Thus Hemingway and Severino signal their purpose early: Justice on Trial is not a work of balanced reporting, as Hemingway, a senior editor at The Federalist insists. Severino, her co-author, is a former clerk for Clarence Thomas and the chief counsel for the Judicial Crisis Network — the same organization behind, which was set up in 2018 to defend the nominee. The book serves much the same purpose as JCN’s old website. It sets out to exonerate not just Kavanaugh but the president who nominated him. If the press is willing to smear Kavanaugh with tales of sexual misconduct, reports of Trump’s sexual violence become that much more difficult to believe. And so their Trump is a thoughtful man, committed to originalist interpretations of the Constitution. They even make his White House look functional, which is a feat. Kavanaugh, meanwhile, nearly glows with sainthood. At Georgetown Prep, we learn, the justice was a diligent student. At Yale, he was a virginal intellectual. If he drank too much sometimes, it was only because he worked so hard. The poor boy just needed a release. When he tried to woo his wife, Ashley, she almost rejected him — but not because he was a creep! No, he was almost too nice for his own good.

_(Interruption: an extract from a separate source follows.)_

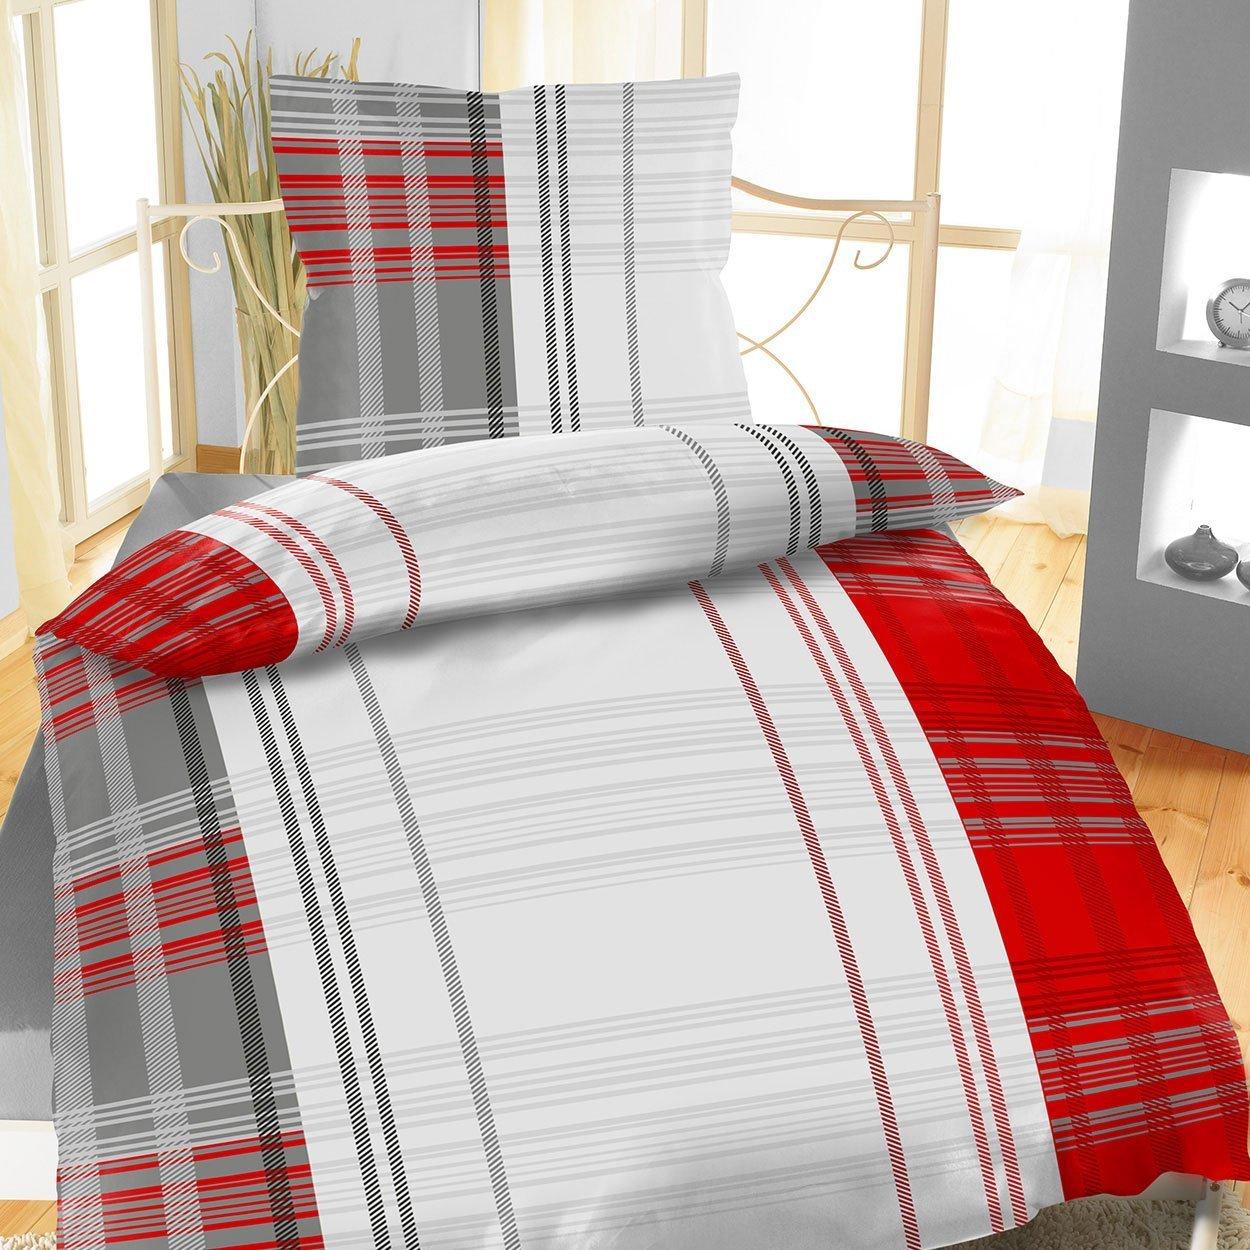 4tlg Warme Winter Bettwäsche Fleece Flausch 2X 135x200 + 2X 80 x80 Fahrhild B01LYIYU0Y Bettwsche-Sets
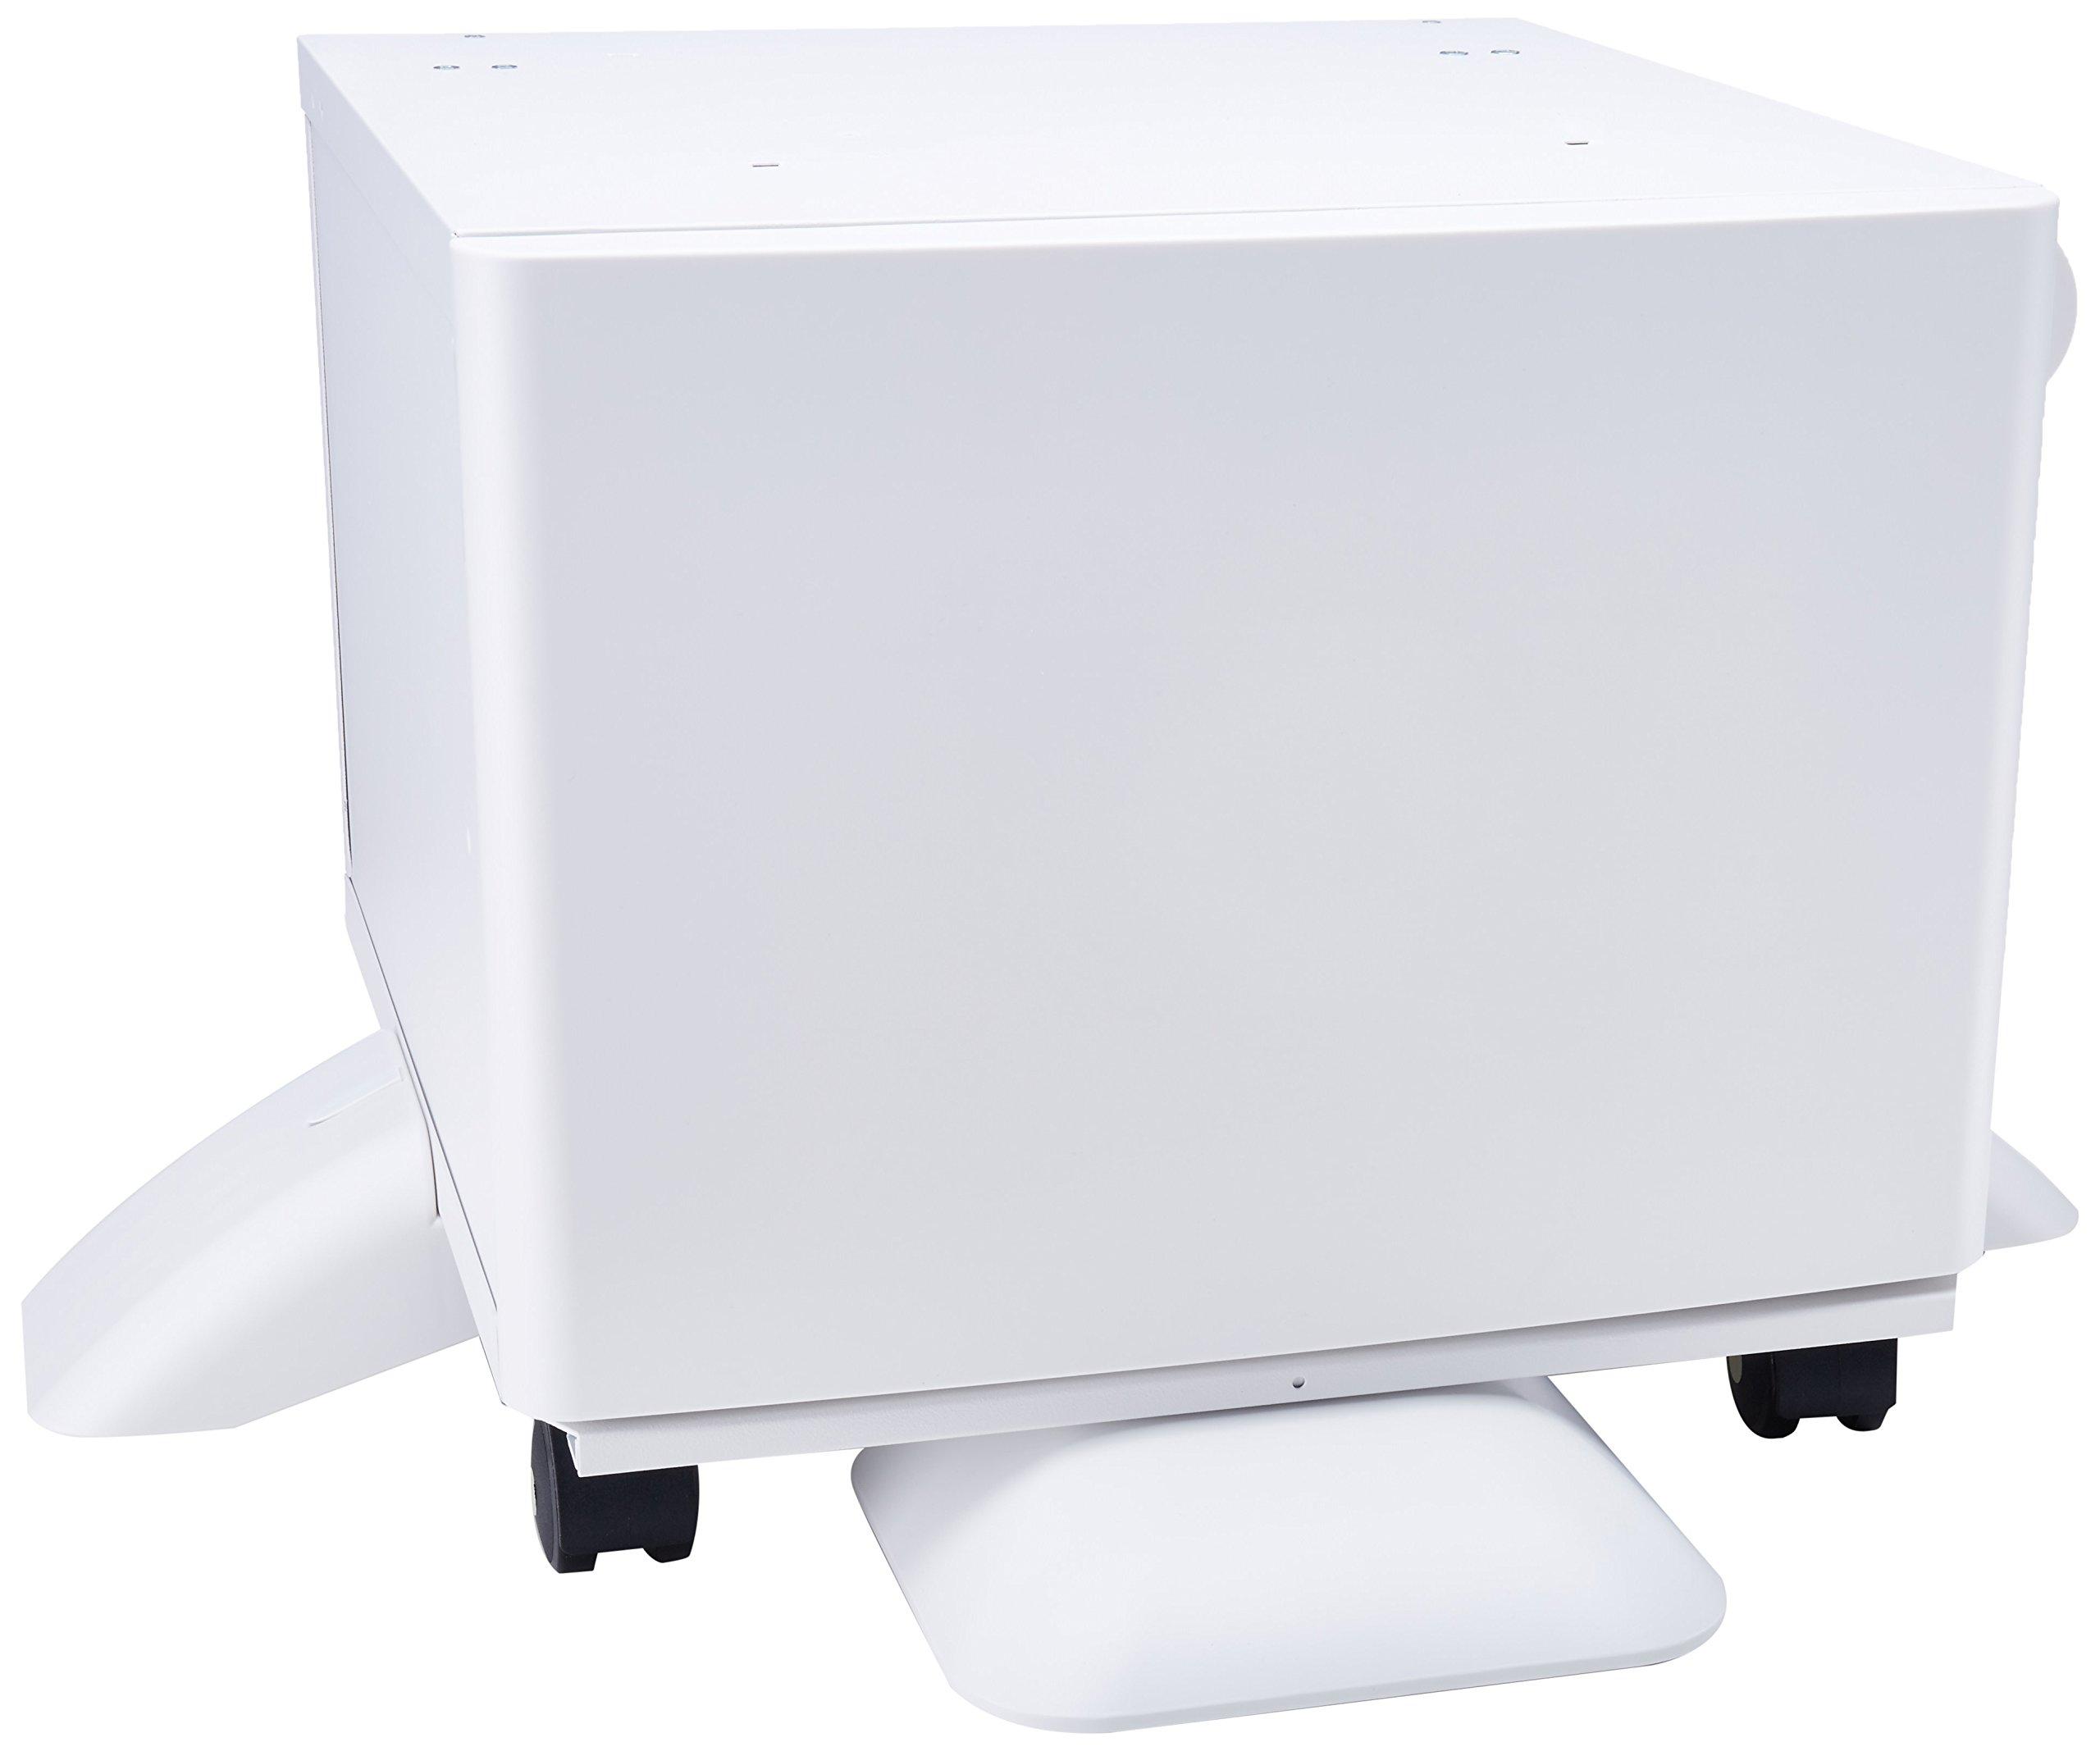 Xerox Printer Stand (497K13660) by Xerox

It’s dreck, all of it. Nobody’s so spotless that an investigation of his or her life would be universally positive. Even public figures who aren’t moral monsters must own moments of cruelty or at least incompetence. And here, Hemingway and Severino’s reportage of the inner workings of the White House is a tell. We know the Trump White House is dysfunctional, prone to leaks and staff turnover and surprise executive decisions announced on Twitter. None of these qualities appear in their book. As for Kavanaugh himself, he may well have been as studious as the authors claim. But it’s his character, not his study habits, that are in question, and on those grounds, he becomes much trickier to defend. It’s at least evident that he misled the Senate about the extent of his drinking problems in college and high school, to say nothing of the statistical rarity of false assault accusations. Assuming, generously, that Severino and Hemingway did seek to fairly report the story of the confirmation fight, it’s clear that neither had sources willing to criticize Kavanaugh, and neither questioned whether the story they put together might possibly be skewed. But really, who expected anything better from Hemingway? She flipped from Trump skeptic to Trump superfan almost as soon as the president took office. This isn’t hypocrisy but a professional calculation; it’s difficult to be a conservative media critic in opposition to a Republican president, especially one who’s constantly in the news for public acts of corruption. Her principal occupation since January 2017 has been to defend his administration at all costs on Fox and at The Federalist. It’s busy work, but she carries out her responsibilities with gusto.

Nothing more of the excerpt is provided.